Aunque pueda parecer desconocido, se trata de un trastorno del neurodesarrollo, en concreto, de un Trastorno del Aprendizaje, que hoy en día afecta a entre el 3,5% y el 6,5% de la población en etapa escolar. En cuanto a su origen, este es neurobiológico y tiene un importante componente genético, lo que significa que es muy probable que sea hereditario. Se sabe que nacemos con una serie de habilidades numéricas básicas, como por ejemplo “saber que aquí hay más coches que en el otro lado” o también nos percatamos de que “añadir” hace referencia a “poner más” y que si “sacamos” o “quitamos” algo hace referencia a que “hay menos”. Por lo tanto, si existe un diagnóstico de Discalculia, significa que el niño/a presenta una alteración en el sentido numérico, la cual es una habilidad innata que permite cuantificar los elementos del entorno. A su vez, esto también provoca que las personas con este diagnóstico presenten dificultades notables en construcciones numéricas más complejas como: la asociación del número con la palabra, identificar la grafía de un número respecto a su cantidad, realizar operaciones simples o emplear el razonamiento visoespacial.

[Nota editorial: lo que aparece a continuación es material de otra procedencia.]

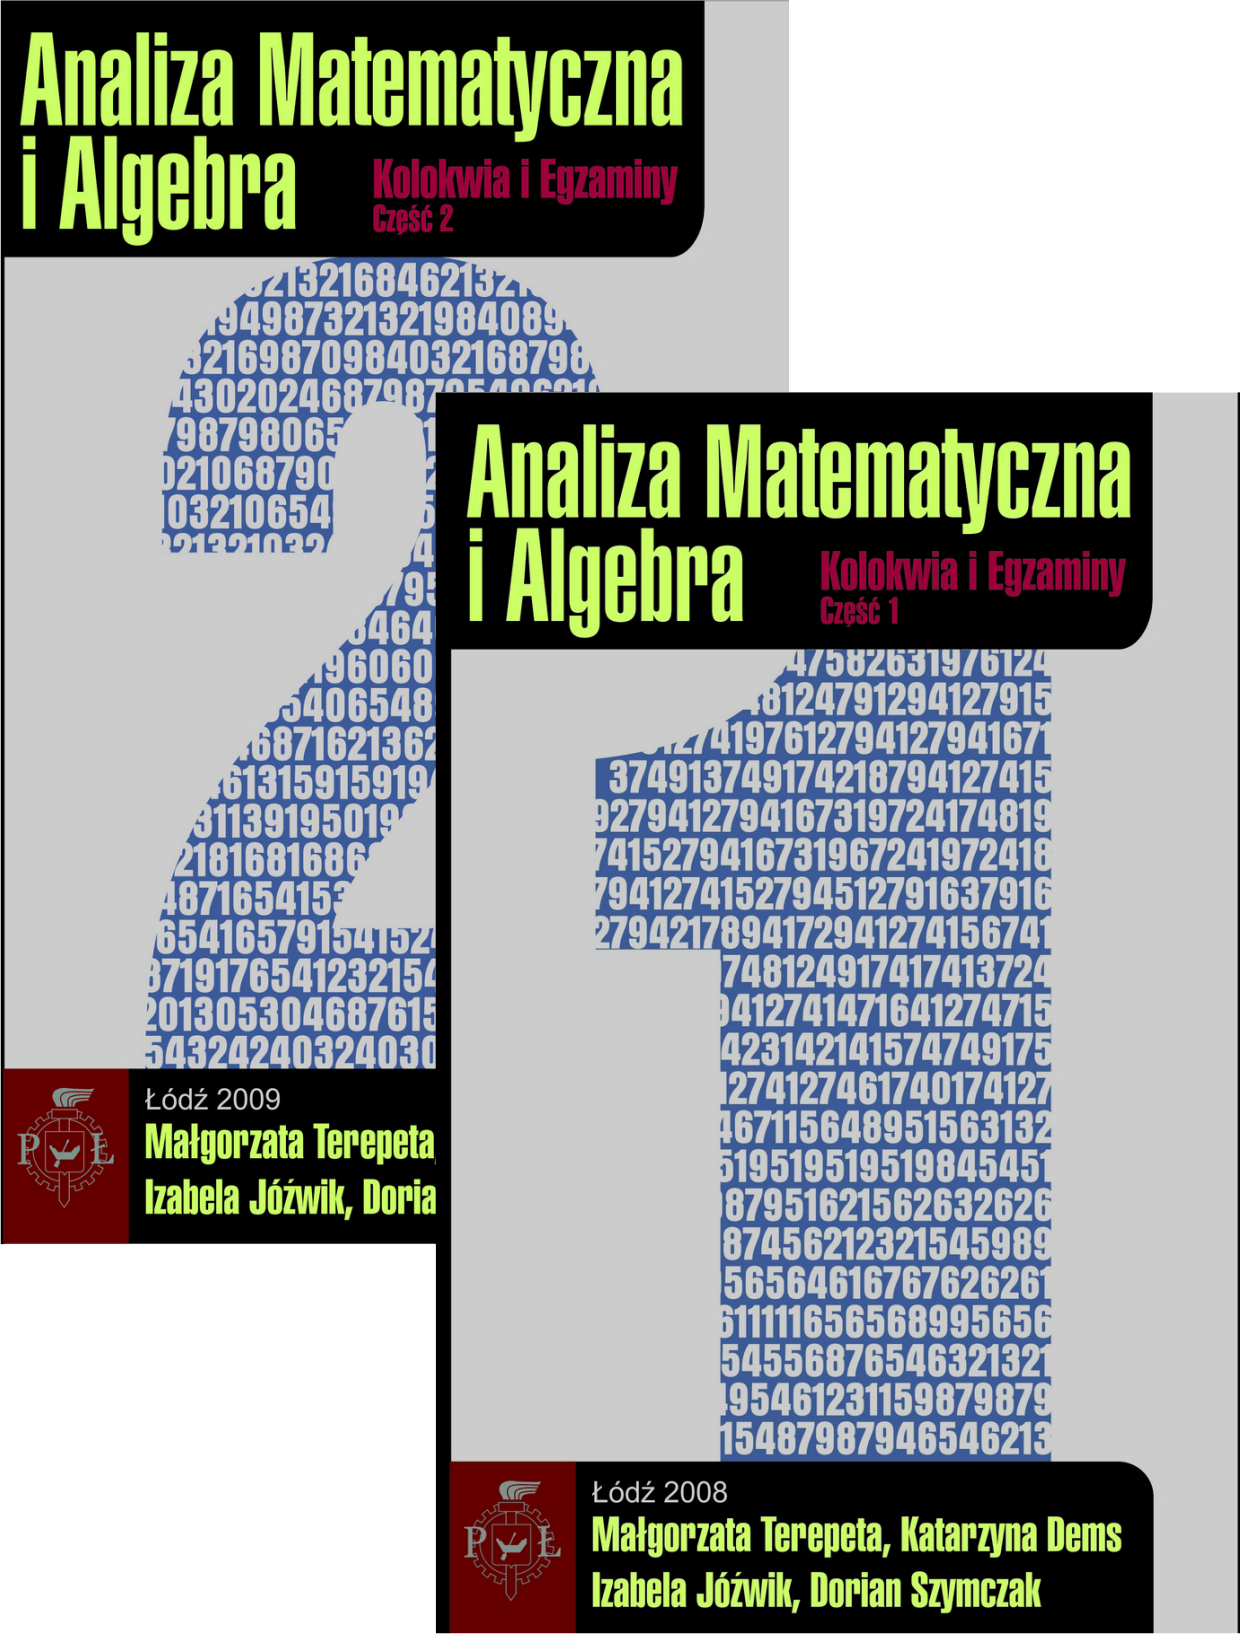 ZESTAW: Analiza matematyczna i algebra. Kolokwia i egzaminy część I (2009) i część II (2009)

Y por si alguien lo dudaba… ¡No! La discalculia no tiene por qué relacionarse con una baja capacidad intelectual, ya que, los síntomas de este trastorno están relacionados estrictamente con el razonamiento matemático y, por lo tanto, el niño/a puede presentar un rendimiento medio o incluso, superior, en otras áreas de la inteligencia.

Entonces… ¿a qué síntomas tengo que prestar atención para saber si hay probabilidades de que mi hijo/a tenga discalculia?

A continuación, presentamos los signos de alerta que se pueden manifestar en las diferentes etapas escolares:

En educacion infantil

  1. Le cuesta contar de forma ordenada.
  2. Tiene dificultades para diferenciar las magnitudes y los tamaños (mayor y menor, grande y pequeño).
  3. No es capaz de realizar operaciones mentales simples (sumas y restas hasta 5).
  4. Le cuesta hacer estimaciones rápidas de cantidades pequeñas (hasta 10).

En educación primaria

  • Utiliza los dedos para contar de forma habitual.
  • Tiene dificultades para hacer aproximaciones.
  • Le cuesta mucho trabajar con cantidades grandes (a partir de centenas).
  • Comete numerosos errores al escribir la grafía de los números.
  • Demuestran progresivamente un mayor rechazo hacia las tareas matemáticas, lo que los puede llevar a un estado de bloqueo o ansioso.

En educación secundaria

  1. Demuestra problemas para resolver problemas matemáticos de dos operaciones o más.
  2. Manifiesta dificultad para realizar operaciones mentales sencillas de forma rápida.
  3. Tiene problemas con las fechas y para organizar sus tiempos.
  4. Les cuesta emplear las matemáticas en actividades de la vida cotidiana.
  5. Suelen presentar mayores niveles de ansiedad y bloqueos frecuentes hacia las tareas matemáticas, así como una mayor afectación en su autoconcepto académico.

IMPORTANTE: La detección precoz es fundamental a la hora de reducir el impacto derivado de las dificultades asociadas a este trastorno. En cuánto se identifiquen estos signos de alerta, es fundamental realizar una valoración psicopedagógica detallada para diseñar una intervención adecuada a las necesidades específicas de cada niño/a.

¿Y qué puedo hacer para ayudarle desde casa?

Para ayudar a mi hijo/a con discalculia, lo más importante es no juzgarle ni etiquetarle, ya que, de lo contrario, le limitaremos y él mismo acabará interiorizando esos comentarios o atributos y por lo tanto también, infravalorando sus capacidades. Además, es recomendable intentar plantearles las matemáticas de forma lúdica y motivante, así como ayudarles a aplicarlas en actividades cotidianas.

¿Qué puedo hacer en casa?

  1. Calcular cuánto nos va a costar algo que se va a comprar.
  2. Jugar al bingo o al quién es quién numérico.
  3. Hacer puzles y rompecabezas.
  4. Utilizar elementos cotidianos para practicar de forma manipulativa (garbanzos, piezas de lego, lápices, etc.).
  5. Plantear problemas matemáticos en forma de retos o desafíos.
  6. Comparar e identificar tamaños y magnitudes de elementos del entorno.
  7. Seguir una receta con varios pasos y cantidades diferentes.